Путь Востока

     Бесцельное солнце скрывается за полчищем туч. Бисерно-мелкий снег спадает на драконьи морды прохожих. Под неоновым светом ларьков стоят двое: я и мой клон. Девушка напротив на озябающих пальцах перебирает ведьмовские иль цыганские кольца, гремит браслетами и золотыми округлыми серьгами. Мы глазами играем с ней в прядки. Лицо у нее разрисовано: брови изогнуты на 30 градусов, глаза подведены игривой округлой линией, помада ее ярко-красная, а тени — синие-синие, как минеральное озеро Кукунор.
     Ты можешь считать меня глупой за такое сравнение, но выглядит она точно воин. «Послушайте, этим видом вы точно обескуражите и обведете вокруг пальцев врагов», — горжусь своей вороньей проницательностью. Я кутаюсь в черную меховую шубку, как околдованный Хаул теряется в своих раскинутых крыльях.

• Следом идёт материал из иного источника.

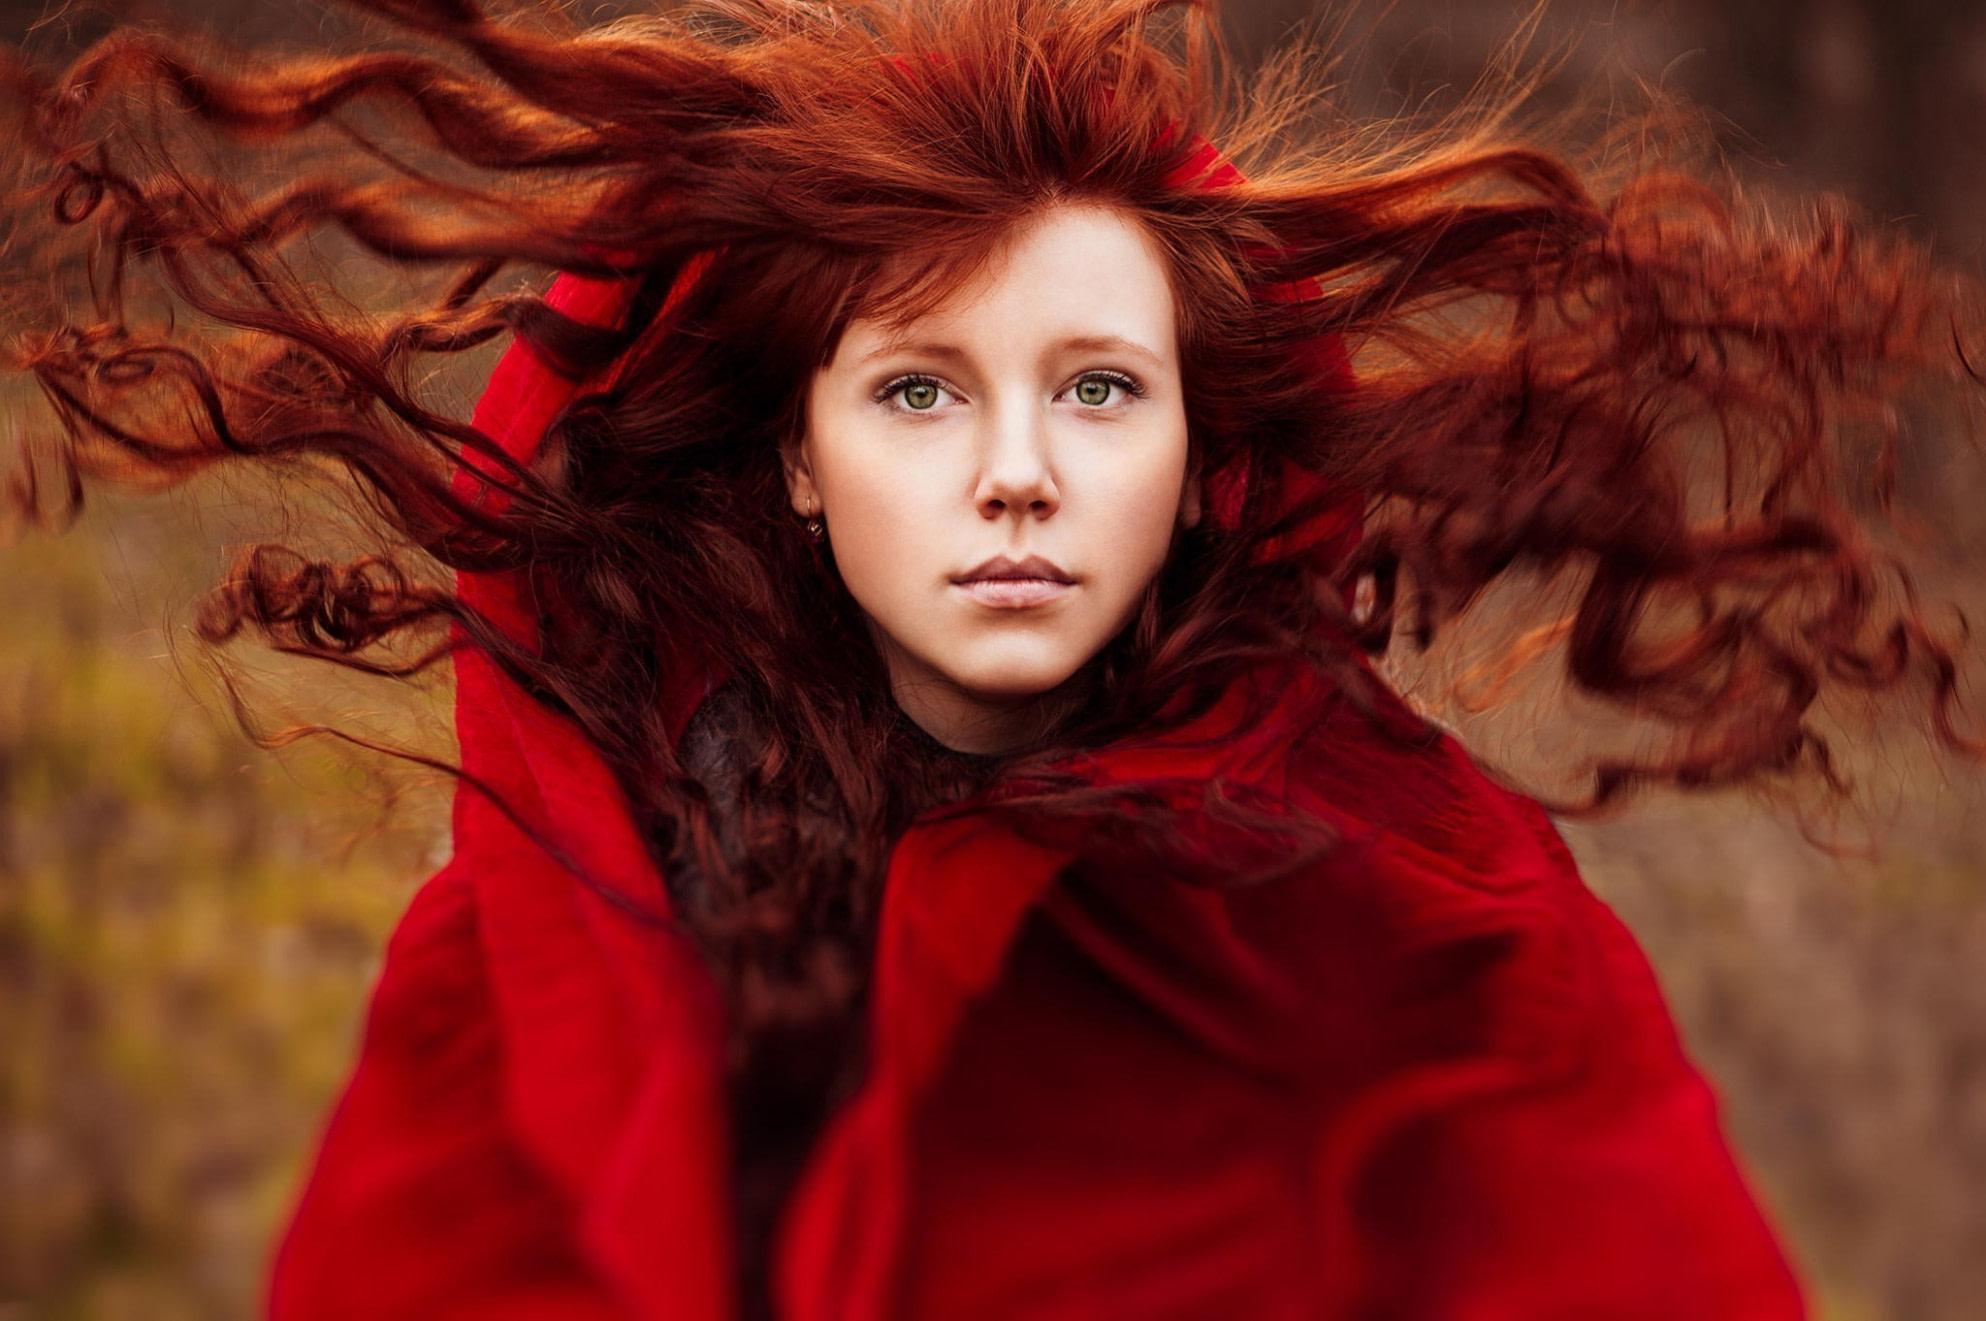 Naturrote Haare: 14 Dinge, Die Nur Rothaarige Personen Betreffen! - Rothaarige Männer Frisuren

И тот час увядаю в мечтательности, рассеянно всматриваясь в католическую церковь, купала которой загромождают лопнувший небосвод.

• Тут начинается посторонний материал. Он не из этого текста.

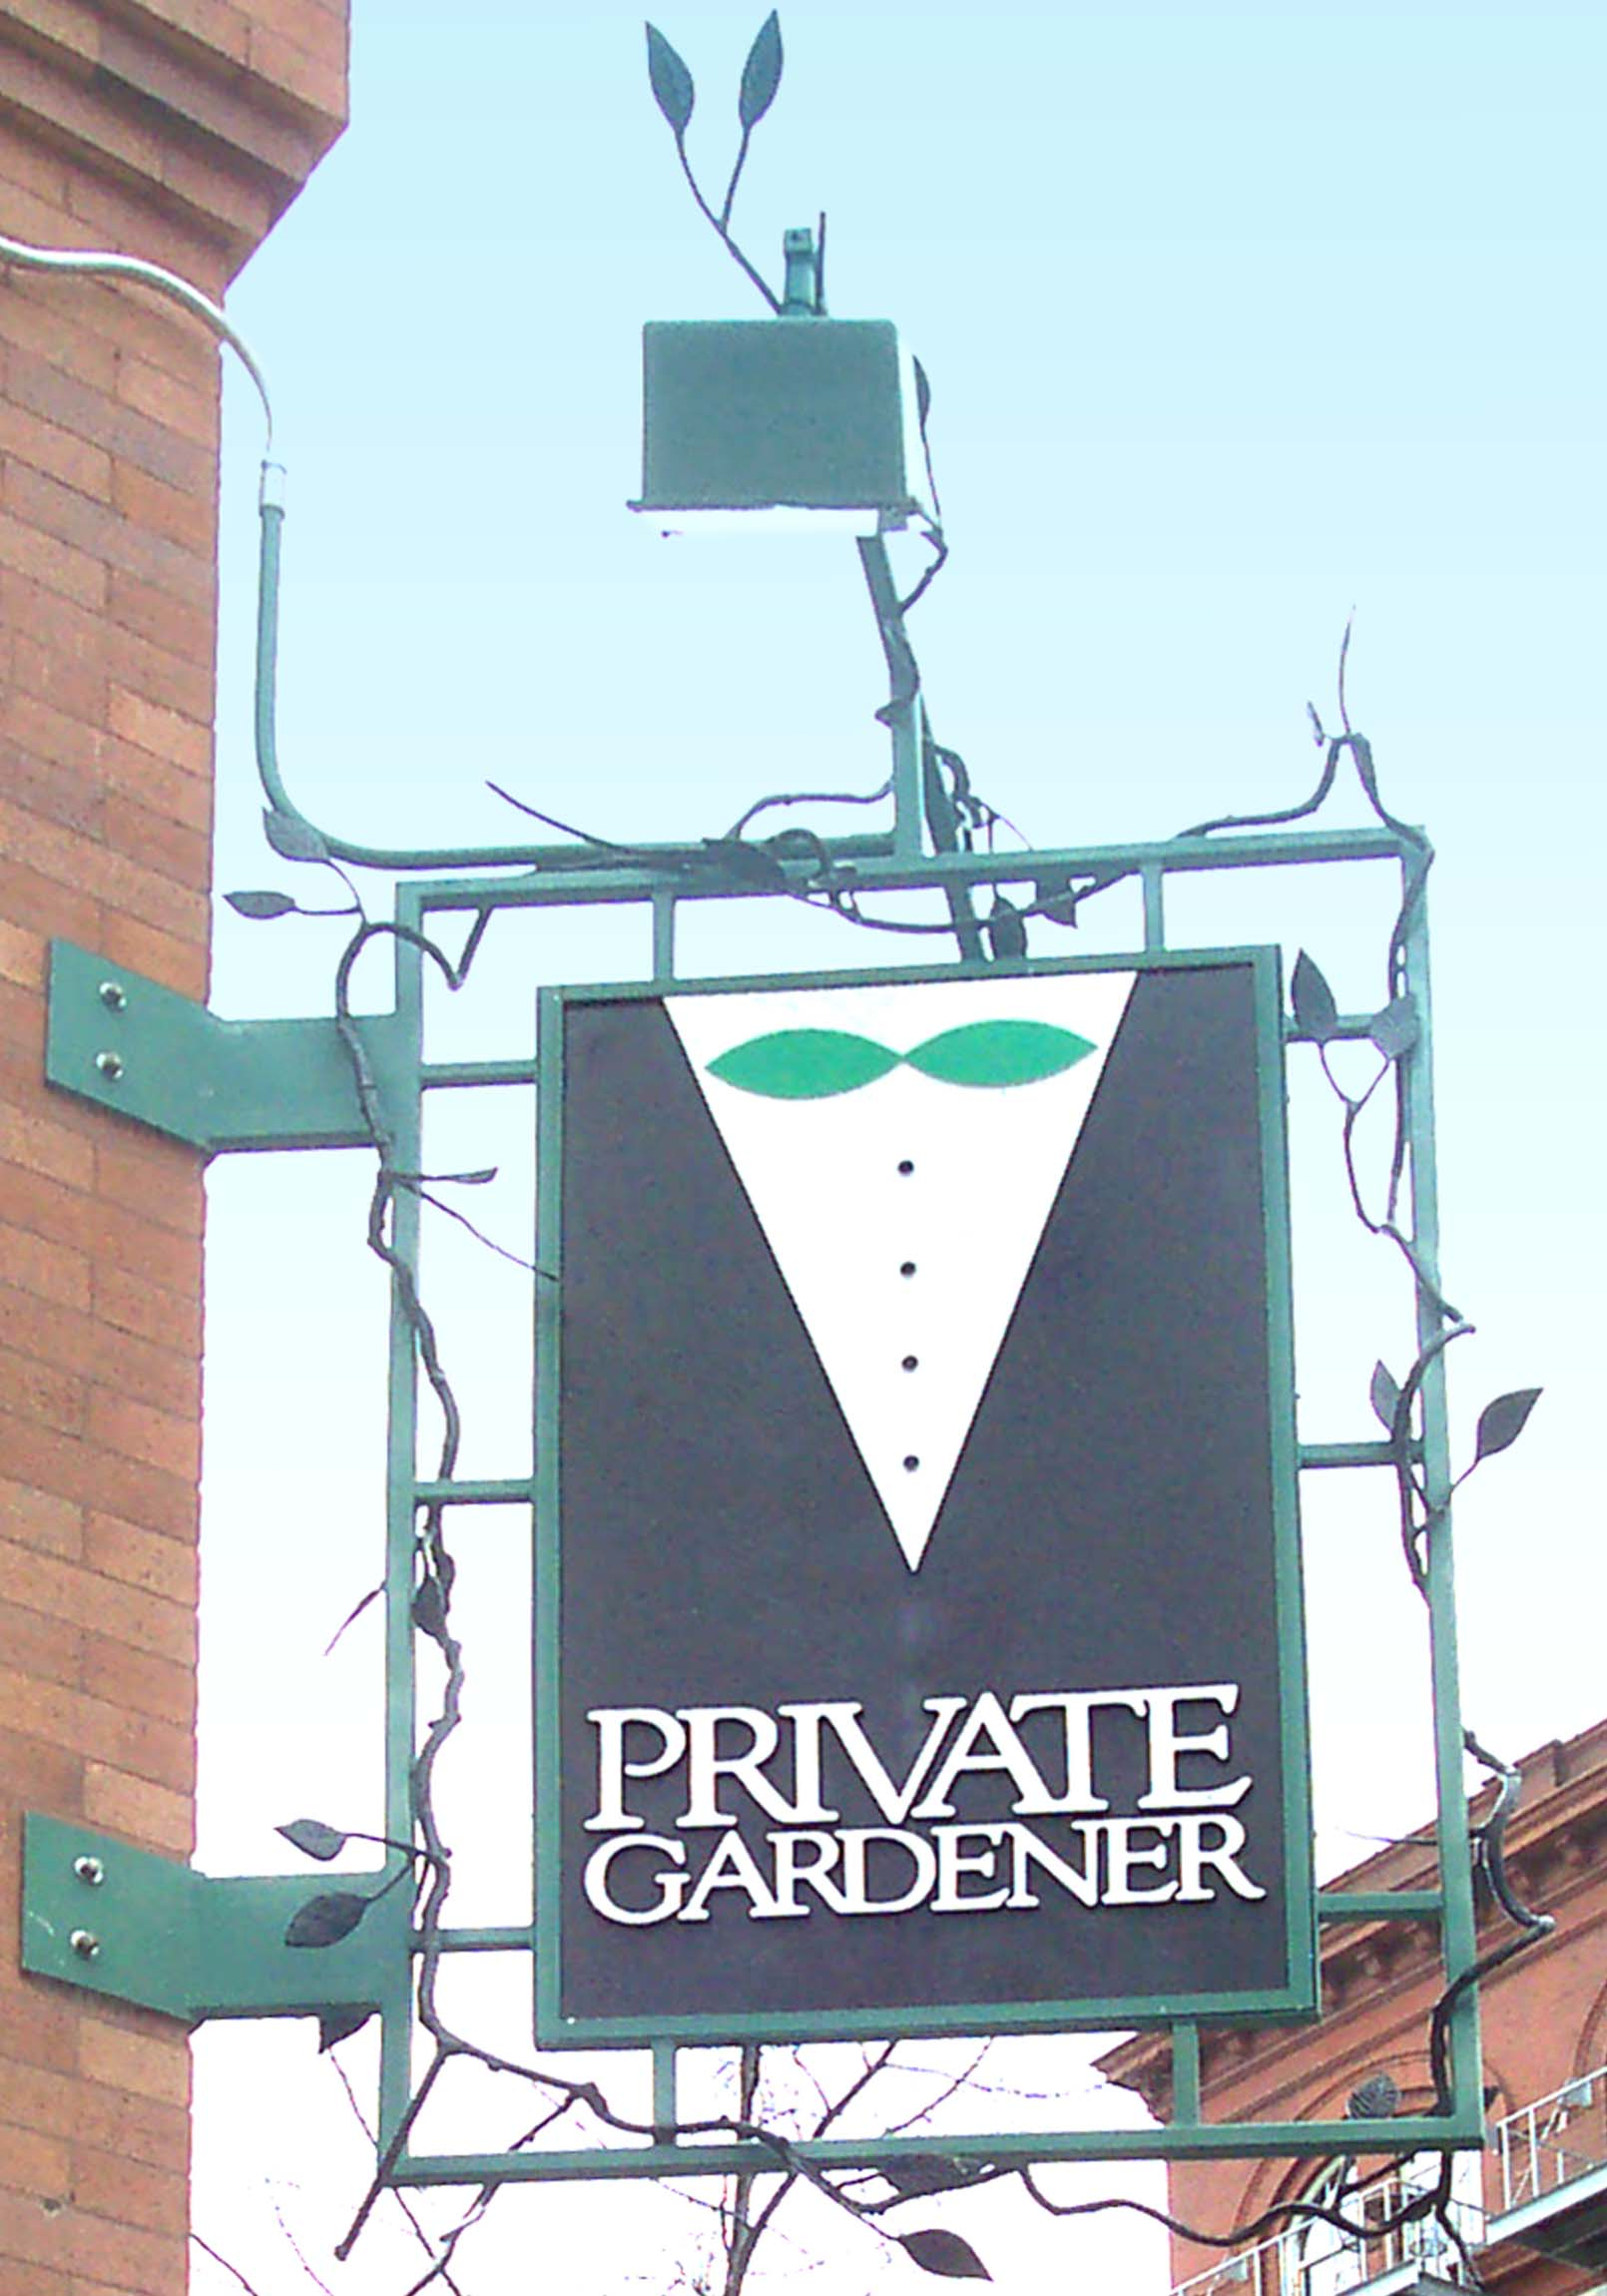 Private Gardener

     А когда ко мне возвращается ясность — вдруг обнаруживаю, что девушка напротив исчезла. По земле, медленно переходящей в весну, недолго катятся ее брошенные украшения. Я подбираю их, внутри сокрушаясь: «Как некрасиво так поступать: перечеркивать одним своим обликом улицу, если не целый город, чтобы затем так вероломно разрывать эту тонкую нить, проходящую между сном и реальностью». И посвящаю себя в паломники, обещая во что бы то ни стало – отдать почтение и дань, встрепенувшей меня, незнакомке.
     Сгорая от любопытства, я примеряю понравившееся кольцо на палец левой руки. Как вдруг из снежных пучин прорывается зеленый ящер внушительных размеров. Он сыплет чудесными, источающими пламя, жемчужинами и кораллами. А его глаза — два солнечных диска, с маленькими черными воронками внутри.

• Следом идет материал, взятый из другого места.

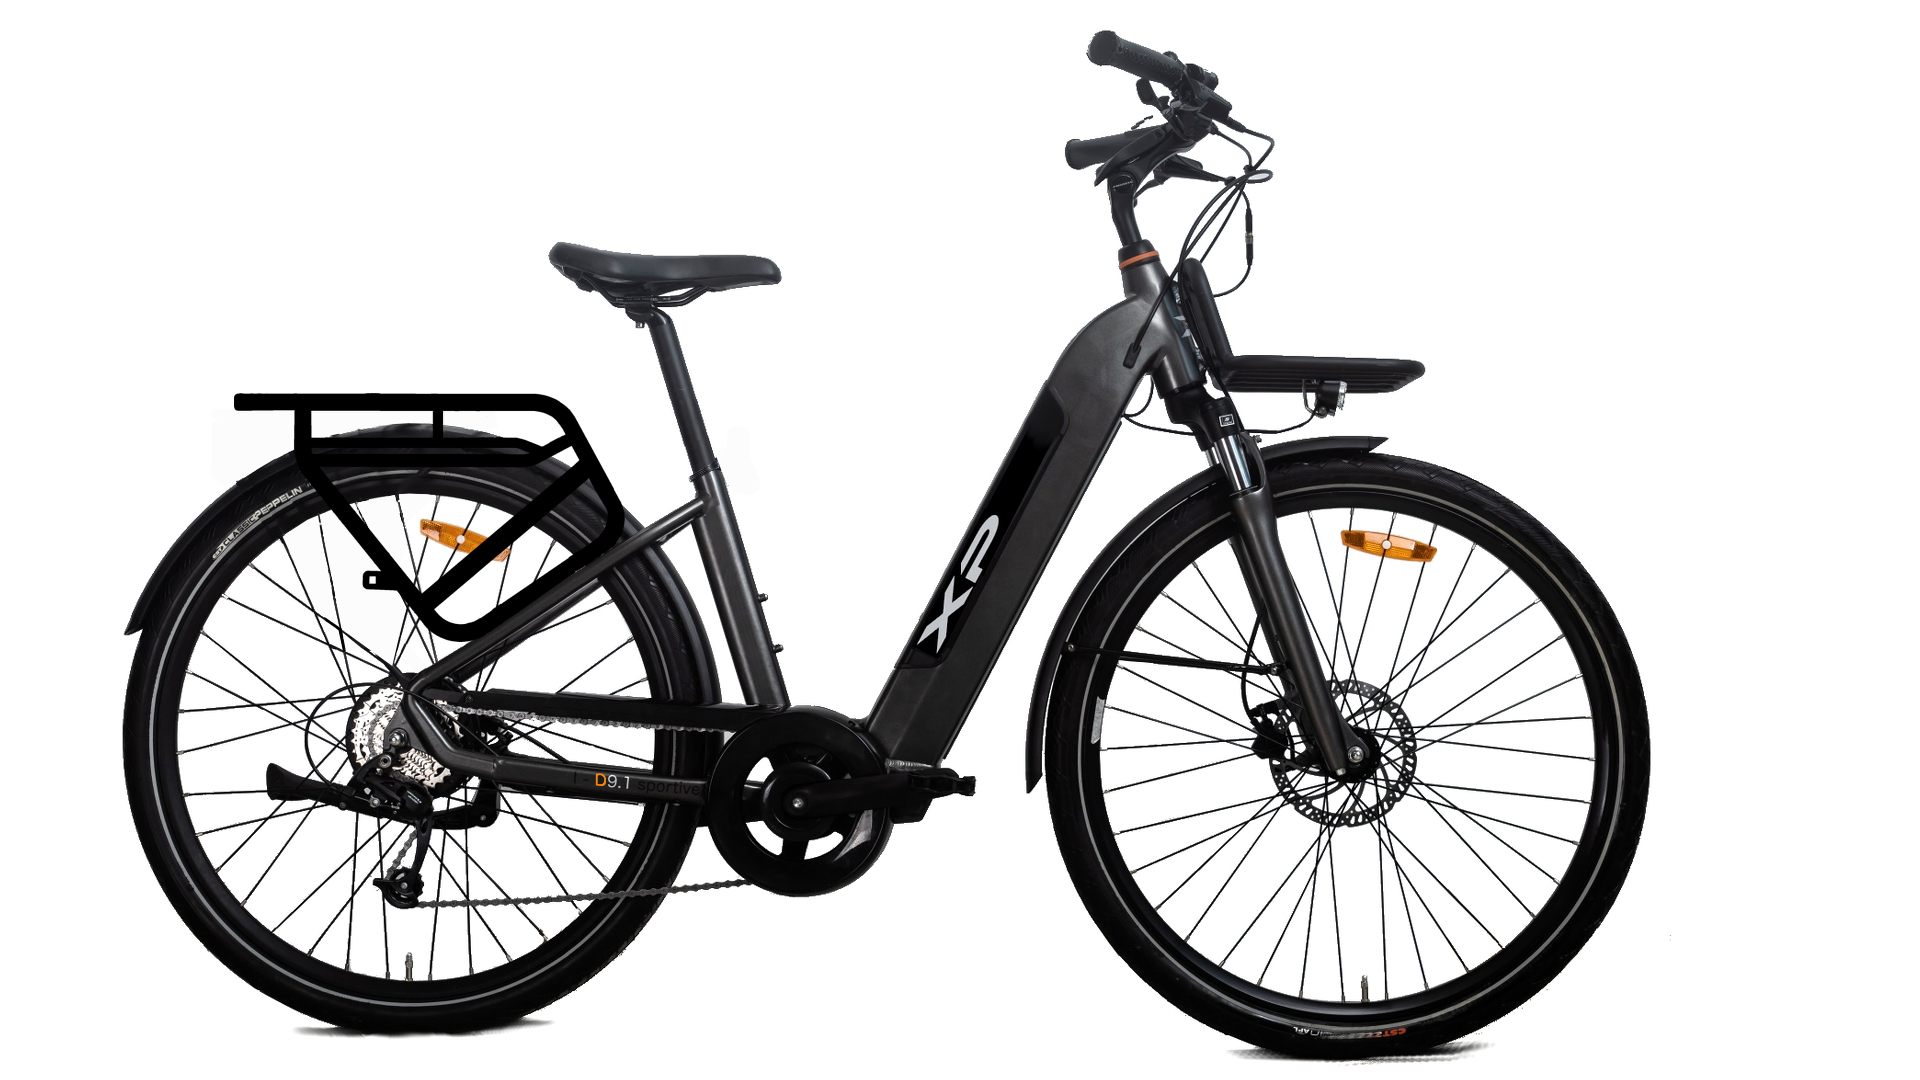 greenbike-pesaro-bici-elettriche-xp-bikes-i-d9.1-donna

     Я вглядываюсь в них, наблюдая за искрящейся золотистой радужкой, которая придает вращение всему живому, пока змей выдыхает раскаленный пар из ноздрей. Сквозь меня проходит дурман, и вот спокойный проспект, освещенный редкими неоновыми огоньками, с пьяным мужичком у магазина, играющим на гармонике, сменяется обширной и светлой университетской аудиторией.
     На последних рядах студенты-зеваки в полусне ожидают преподавателя, который проведет вводную лекцию по археологии. А за окном — горят листья, оживляется город со стороны Алого поля. Я стучу ручкой по столу, раздражаясь при виде прыгающих зайчиков на потолке, до появления профессора в комнате. «Здравствуйте, молодые люди! Поприветствуйте своего учителя», — доброжелательно проговаривает Николай Борисович Виноградов.
     Мужчина смущается от того, что студенты так долго стоят на месте, поэтому через несколько секунд добавляет: «Садитесь-садитесь! Начать хочу сегодняшнюю пару с чтения хайку. Это японская лирическая поэзия!» Преподаватель надевает очки, раскрывает маленькую книжонку, проводя пальцем по выделенным строкам:
    
     «Я шел по мосткам, и вдруг –
     Там, в глубине потока,
     Сквозят водяные цветы».[1]
    
     Между тем студенты обмениваются насмешливыми взглядами. Мужчина нежно проговаривает написанное, обдумывая каждую строчку, пристально следя за реакциями будущих педагогов, нынешних ростков. Наверное, молодая душа не готова к такому откровению, ведь к умиротворению приходят с годами: когда в мудром возрасте человек сбрасывает облезшую эгоистичную кожицу — тогда и сердце его желает делиться этой любовью с миром и любит вопреки всему.
     «Красиво, не правда ли? Что ж, теперь можно одухотворенно приступить к занятию!» — завершает он. Когда лекция срывается звонком, пренебрегающим всем приличием, слышу, как девушка с задней парты произносит: «Нам очень повезло, раз наш поток будет обучаться у этого гения, этот преподаватель — великий человек».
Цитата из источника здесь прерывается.